_DATA_:
◇ ◇ ◇

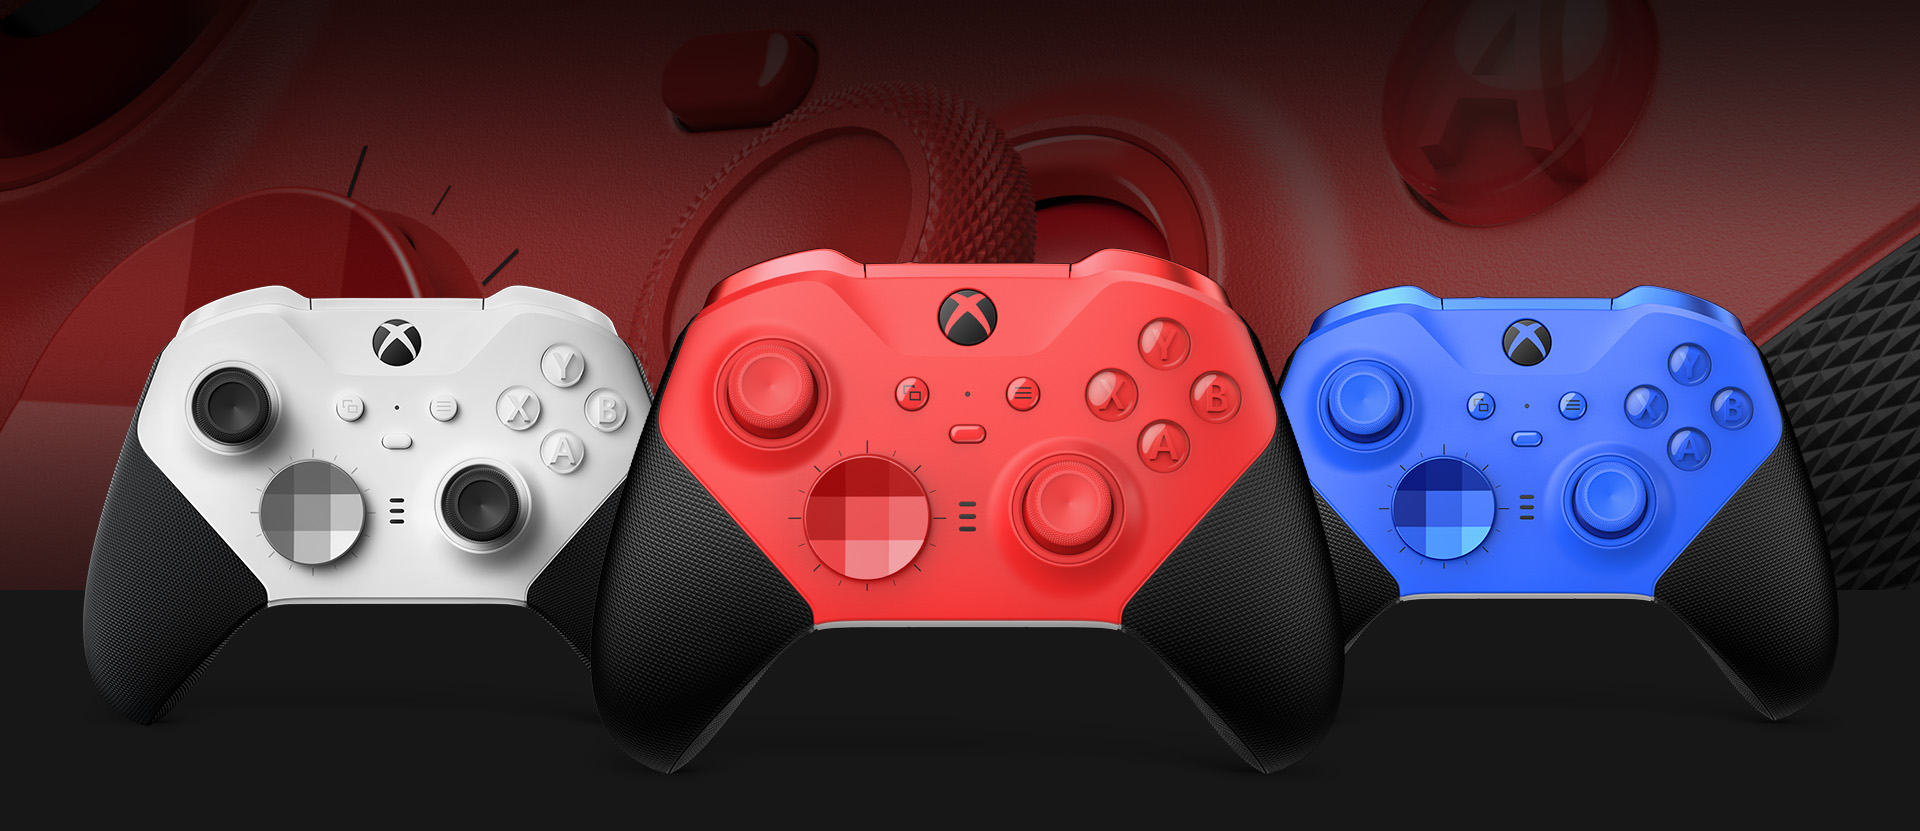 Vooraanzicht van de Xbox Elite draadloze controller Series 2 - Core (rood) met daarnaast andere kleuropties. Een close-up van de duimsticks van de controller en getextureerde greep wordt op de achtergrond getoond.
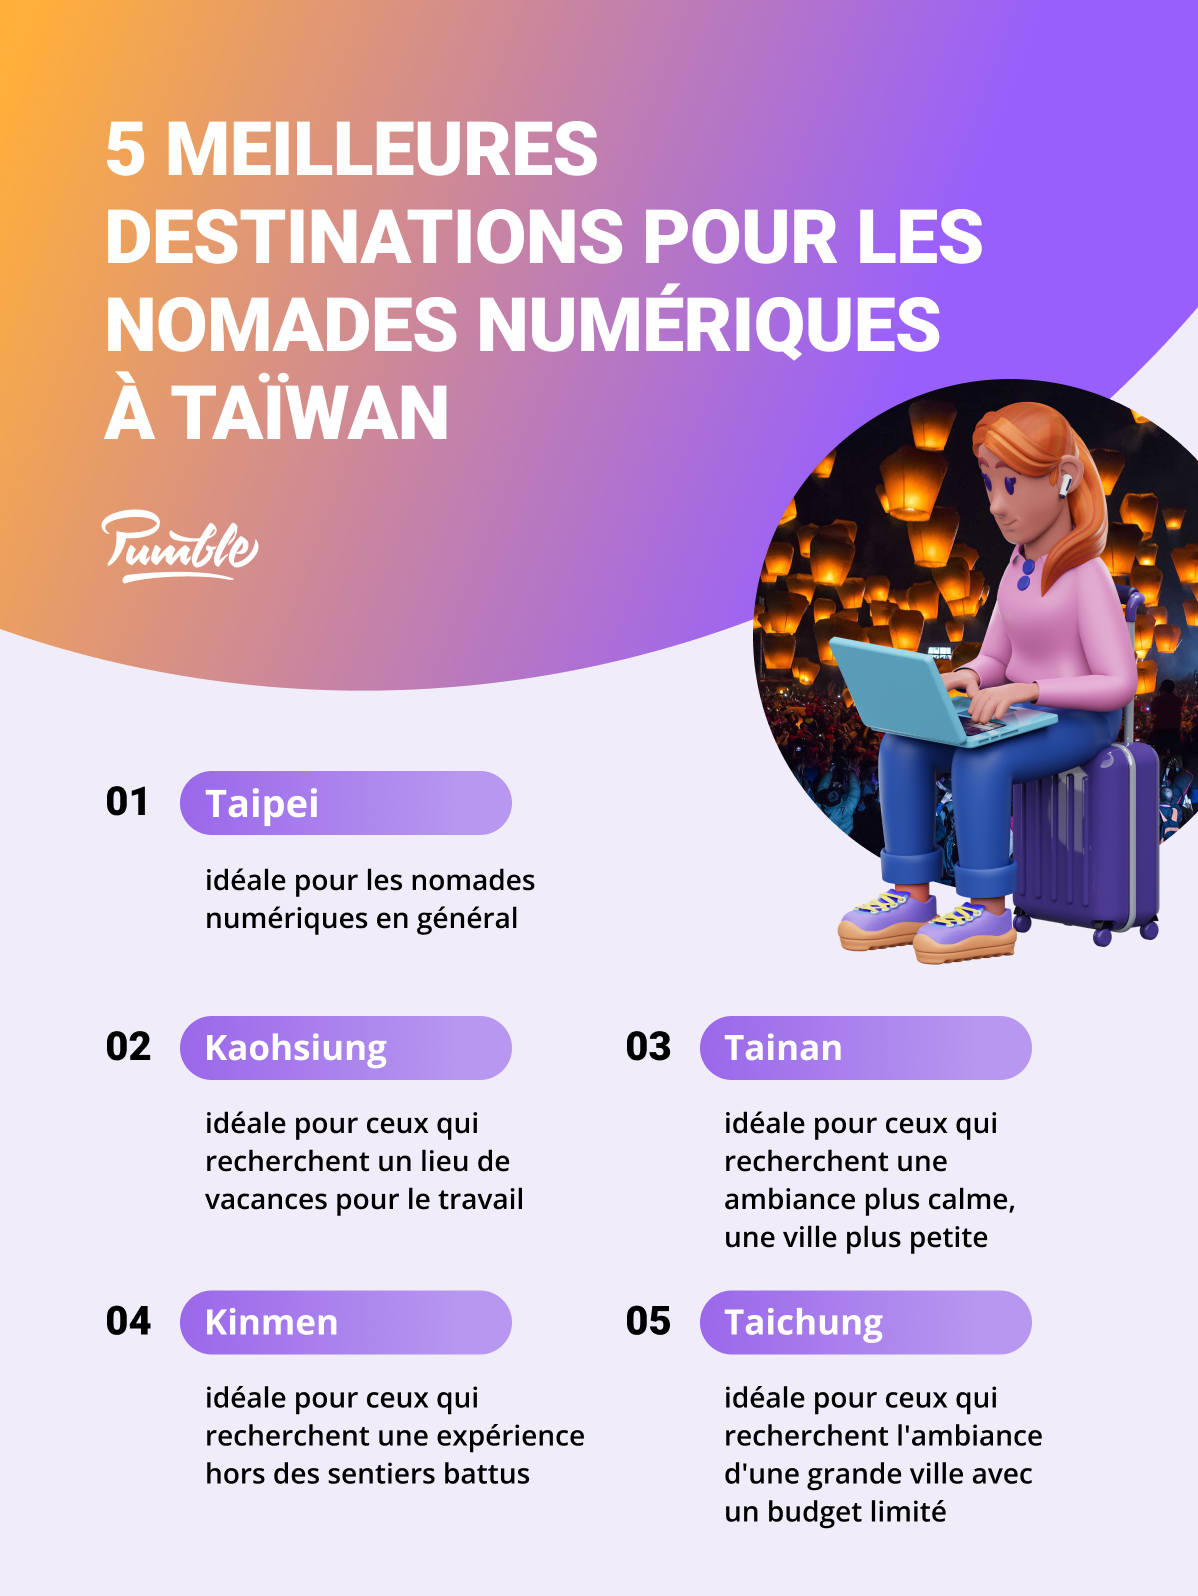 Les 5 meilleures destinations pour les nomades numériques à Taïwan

◇ ◇ ◇

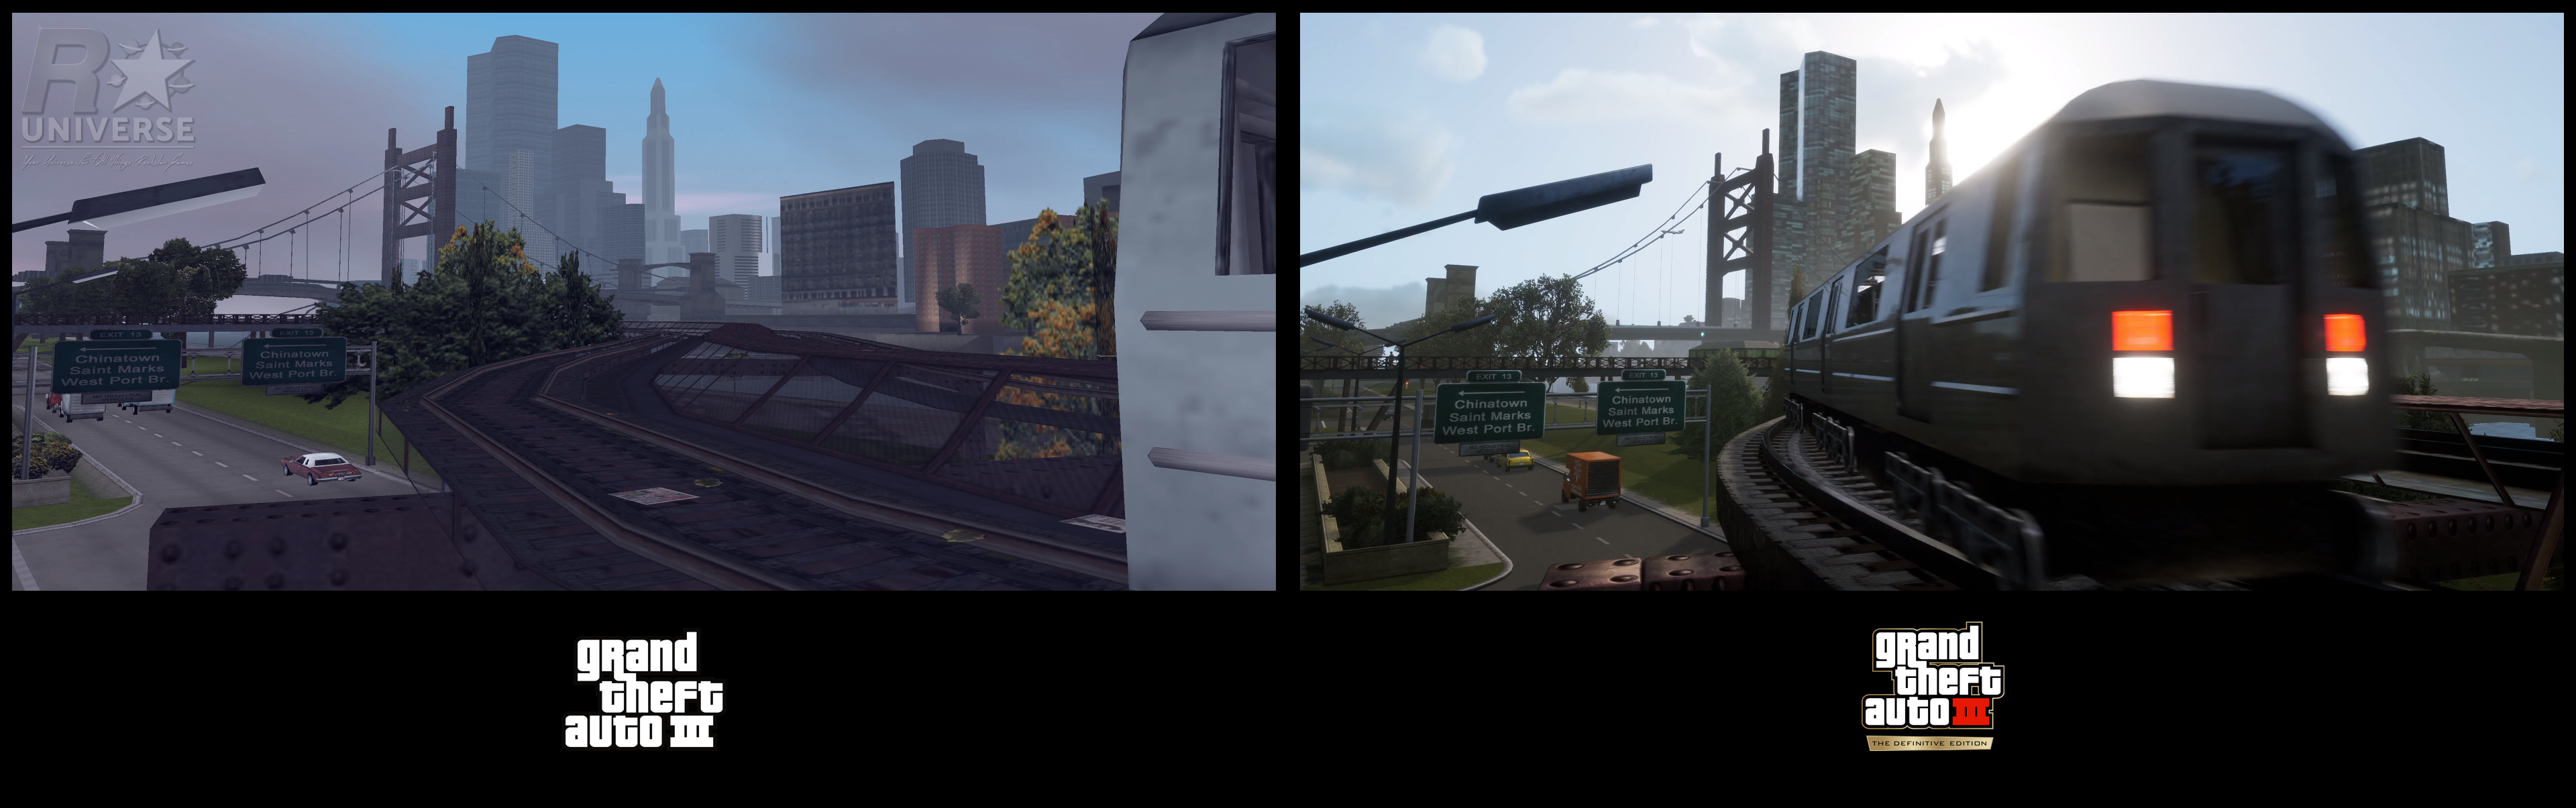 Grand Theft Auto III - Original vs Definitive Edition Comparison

◇ ◇ ◇

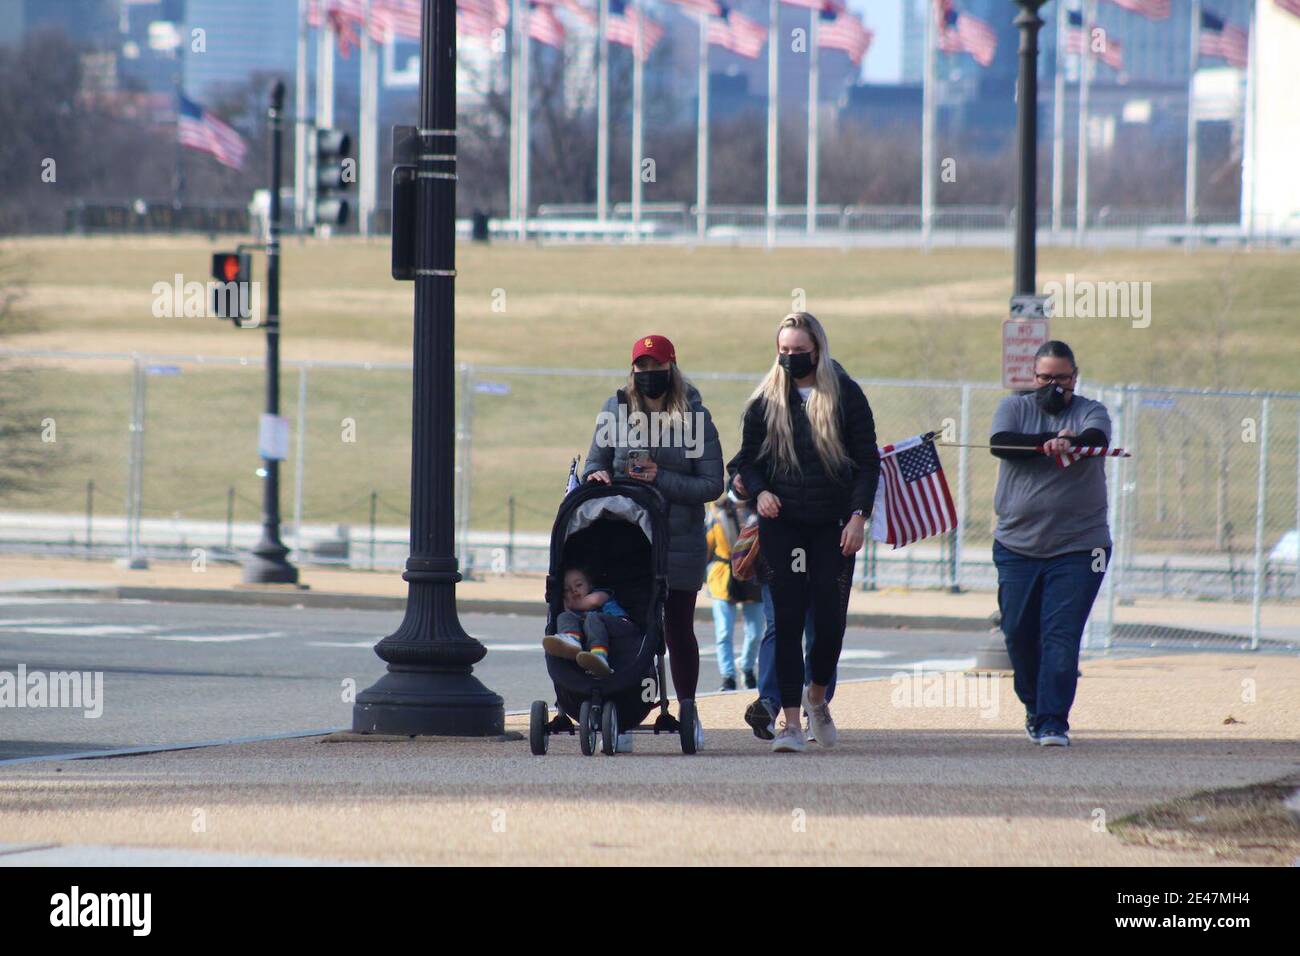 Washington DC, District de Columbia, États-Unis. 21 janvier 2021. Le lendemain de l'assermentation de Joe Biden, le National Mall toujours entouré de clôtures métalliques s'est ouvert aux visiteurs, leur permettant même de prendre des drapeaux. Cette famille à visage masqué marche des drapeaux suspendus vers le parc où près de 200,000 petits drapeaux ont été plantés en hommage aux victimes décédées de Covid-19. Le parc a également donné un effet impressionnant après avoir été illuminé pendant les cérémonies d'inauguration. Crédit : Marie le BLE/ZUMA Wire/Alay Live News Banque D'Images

◇ ◇ ◇

_WHAT THE EXERCISE ASKS_:
Print an exact copy of the lines above, from the one containing "Vooraanzicht van de" through the one containing "Les 5 meilleures", and leave out the pictures.

_TASK SOLUTION_:
 Vooraanzicht van de Xbox Elite draadloze controller Series 2 - Core (rood) met daarnaast andere kleuropties. Een close-up van de duimsticks van de controller en getextureerde greep wordt op de achtergrond getoond.
 Les 5 meilleures destinations pour les nomades numériques à Taïwan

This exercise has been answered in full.